Ideas for data scientists to level up their code Machine learning engineer Andrew Greatorex posted a blog called “Down with technical debt! Clean Python for data scientists.” Andrew highlights something we can easily relate to: the “science” part of data science, which encourages experimentation and flexibility, sometimes means less emphasis on readable, shareable code. Andrew writes:

"I’m hoping to shed light on some of the ways that more fledgling data scientists can write cleaner Python code and better structure small scale projects, with the important side effect of reducing the amount of technical debt you inadvertently burden on yourself and your team.”

In this blog, DVC gets a shout-out as Andrew’s preferred data versioning tool, used in conjunction with Git for versioning Python code. Thanks!

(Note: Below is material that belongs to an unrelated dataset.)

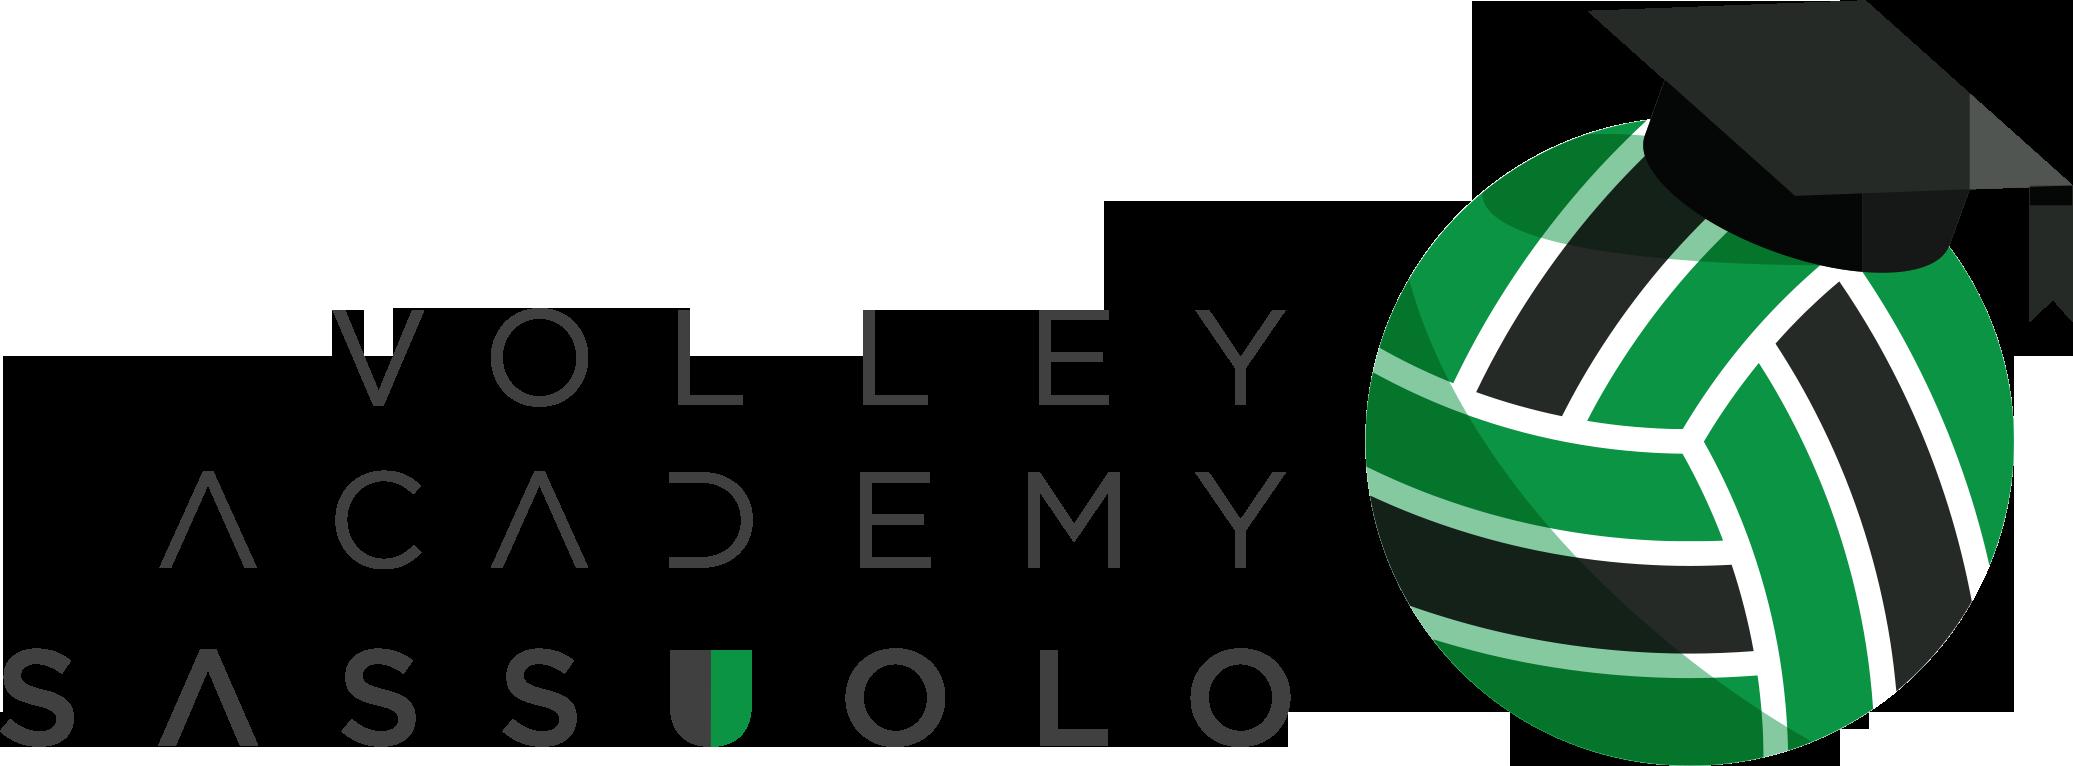 www.volleyacademysassuolo.it

Down with technical debt! Clean Python for data scientists.

medium.com

An introduction to MLOps Engineer Sharif Elfouly wrote an approachable guide to thinking about MLOps, the growing field around making ML projects run efficiently from experimentation to production. He summarises why managing ML projects can be fundamentally different than traditional software development:

“The main difference between traditional software and ML is that you don’t only have the code. You also have data, models, and experiments. Writing traditional software is relatively straightforward but in ML you need to try out a lot of different things to find the best and fastest model for your use-case. You have a lot of different model types to choose from and every single one of them has its specific hyperparameters. Even if you work alone this can get out of hand pretty quickly.”

Sharif gives some recommendations for tools that work especially well for ML, and he writes that DVC is the “perfect combination for versioning your code and data.” Thanks, Sharif! We think you’re perfect, too.